Files, Inodes, and Metadata
Topic 07

Files, Inodes, and Metadata

FilesystemFoundations

A file on Linux is not the name you type. The name is a directory entry; the file itself is an inode — a fixed-size record on disk that holds every attribute of the file except its name and its contents. Size, owner UID and group GID, the permission bits, the three timestamps, the link count, and the pointers to the data blocks all live in the inode. The directory entry is just a string mapped to an inode number, and the kernel resolves the rest from there.

That separation between name and inode is the single fact that explains hard links, why rm does not always free space, why renaming a 50 GB file inside one filesystem is instant, and why a filesystem can run out of files while gigabytes of disk sit empty. Once you see directory entries as pointers to inodes rather than as the files themselves, the rest of the filesystem stops surprising you.

The Inode

Every file, directory, symlink, device node, socket, and named pipe is an inode. When a filesystem like ext4 or XFS is created, ext4 allocates its inode table up front — a fixed count decided at mkfs time — while XFS grows inodes dynamically as needed. Each inode carries a number, unique within that filesystem, and that number is what a directory entry actually references. Run stat on any path and you are reading the inode straight out, name aside.
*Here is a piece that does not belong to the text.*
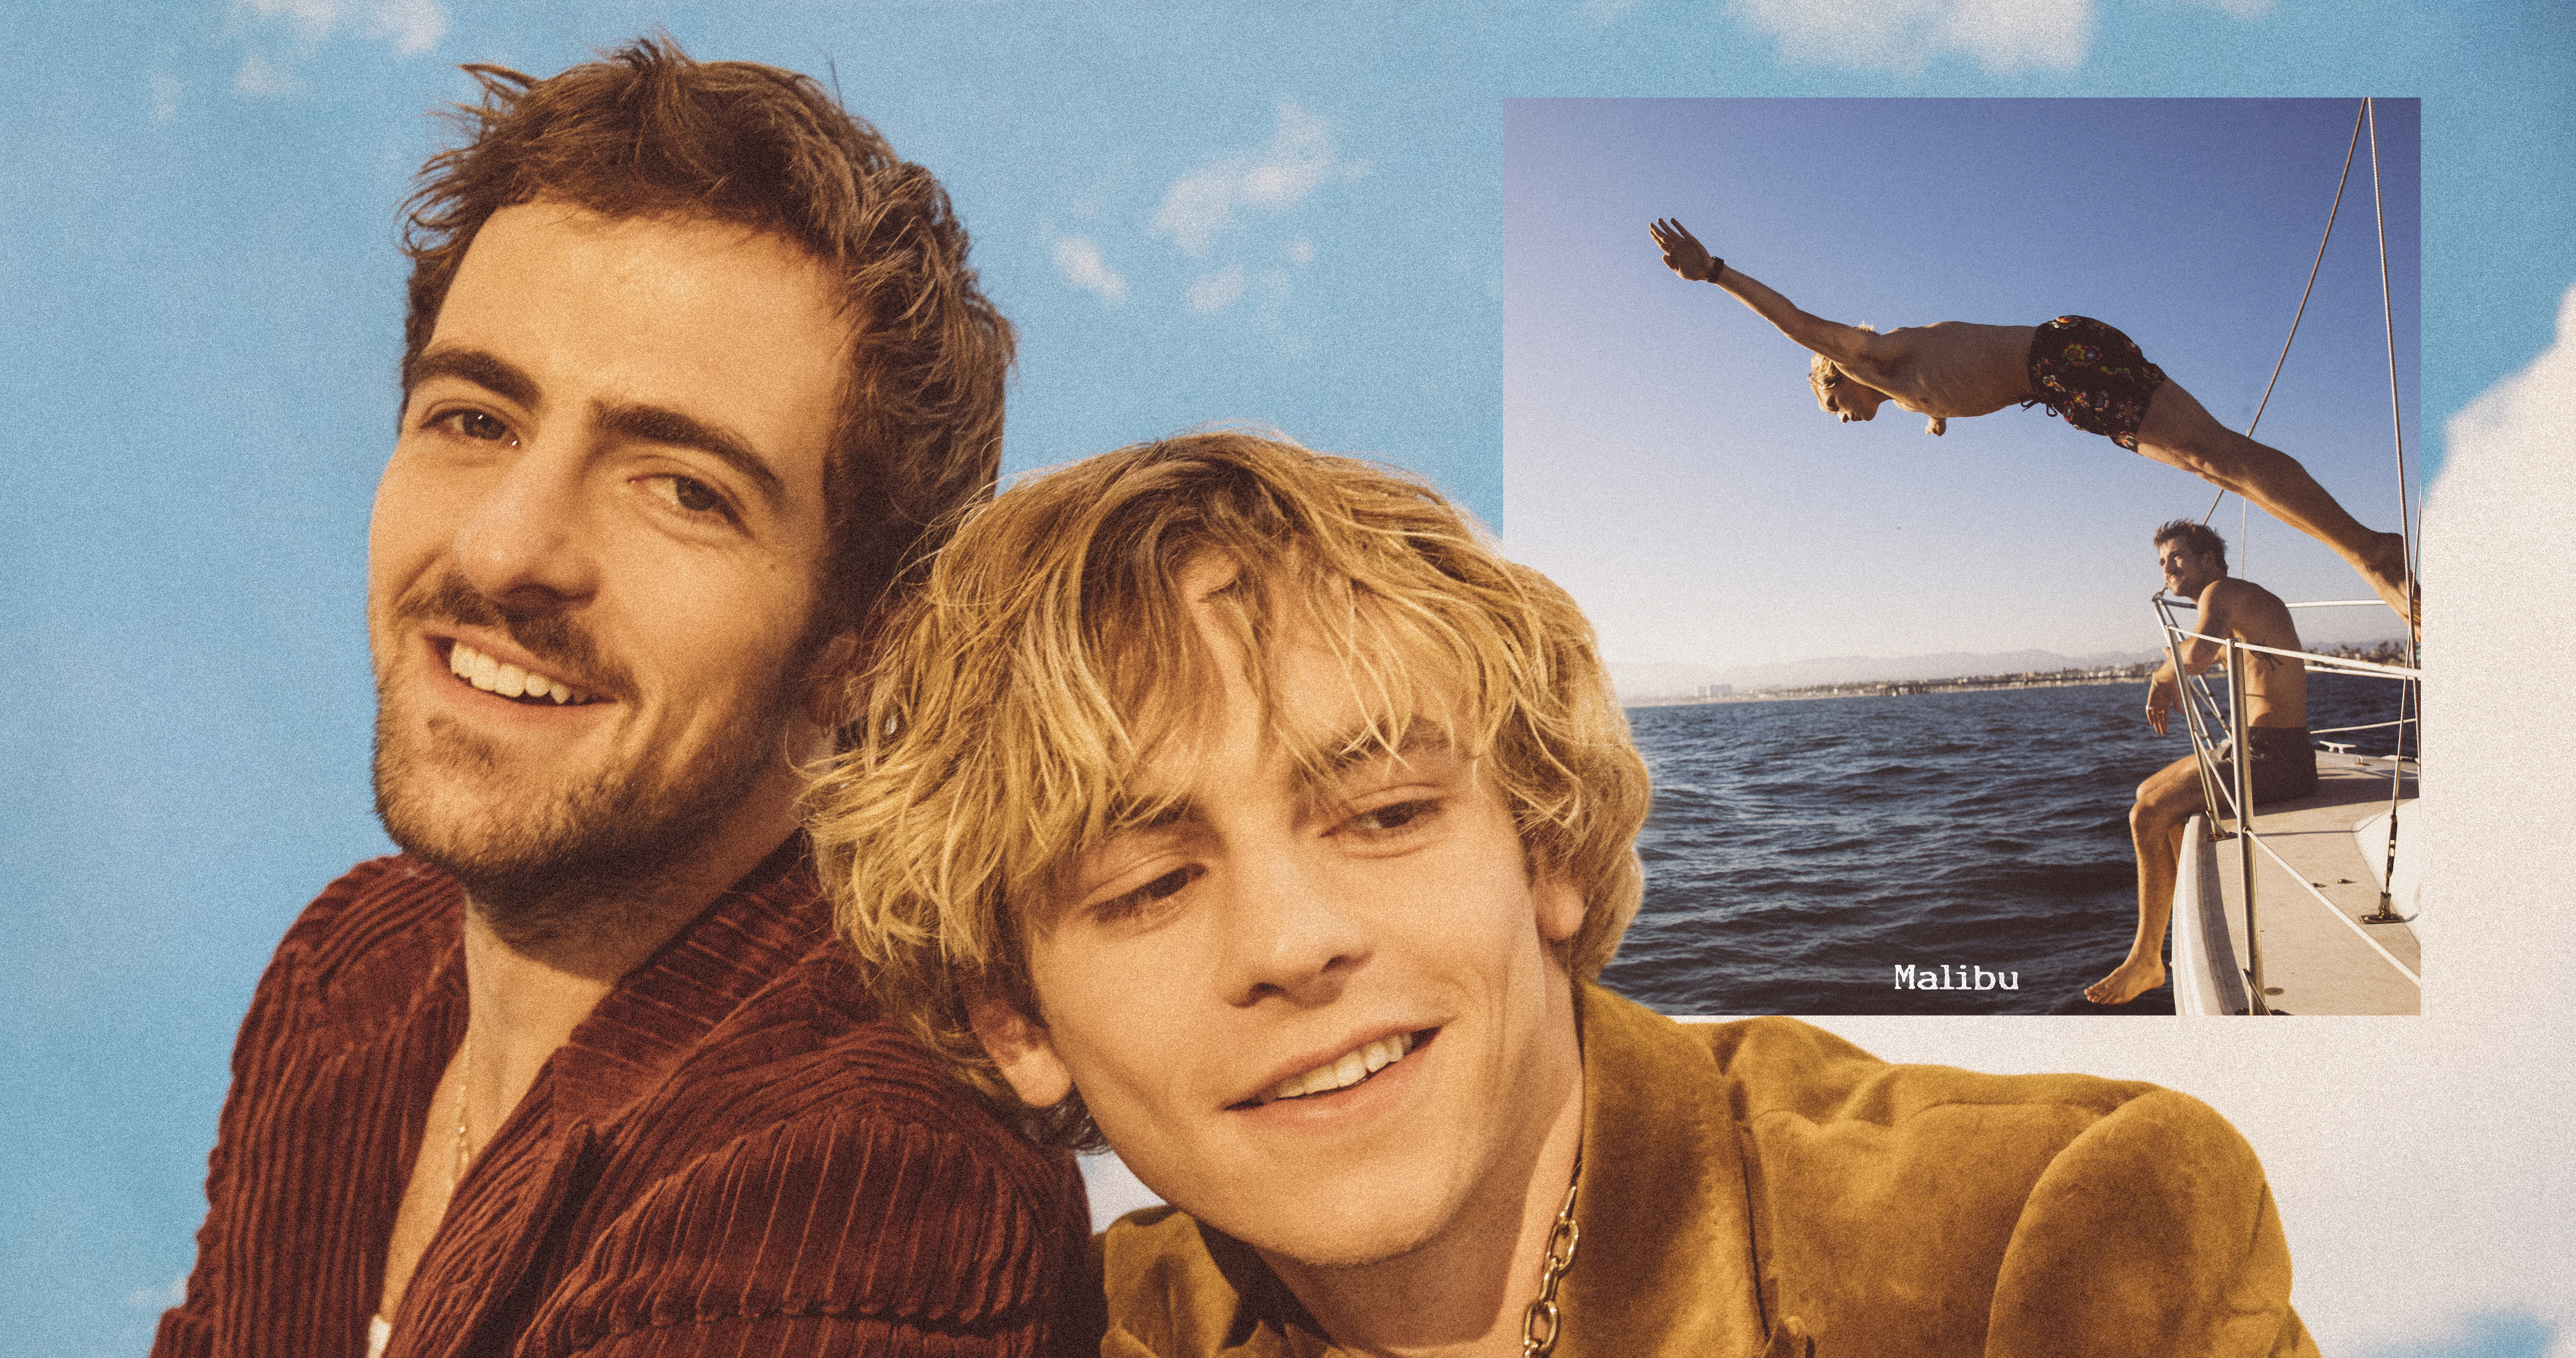 THE DRIVER ERA return with Malibu: First listen to Rocky and Ross Lynch's breezy summer single

# stat shows the inode contents: number, size, blocks, mode, owner, times
stat /etc/hosts
  File: /etc/hosts
  Size: 221       Blocks: 8          IO Block: 4096   regular file
Device: 259,2   Inode: 1442        Links: 1
Access: (0644/-rw-r--r--)  Uid: (0/root)   Gid: (0/root)
Modify: 2026-05-12 09:41:08
 Birth: 2026-05-12 09:41:08

What the inode does not store is the filename. There is no field for it, and a single inode can be reached by many names at once. The kernel finds an inode by walking directory entries to its number, then reads the inode to learn where the data blocks are and whether the caller is allowed to touch them.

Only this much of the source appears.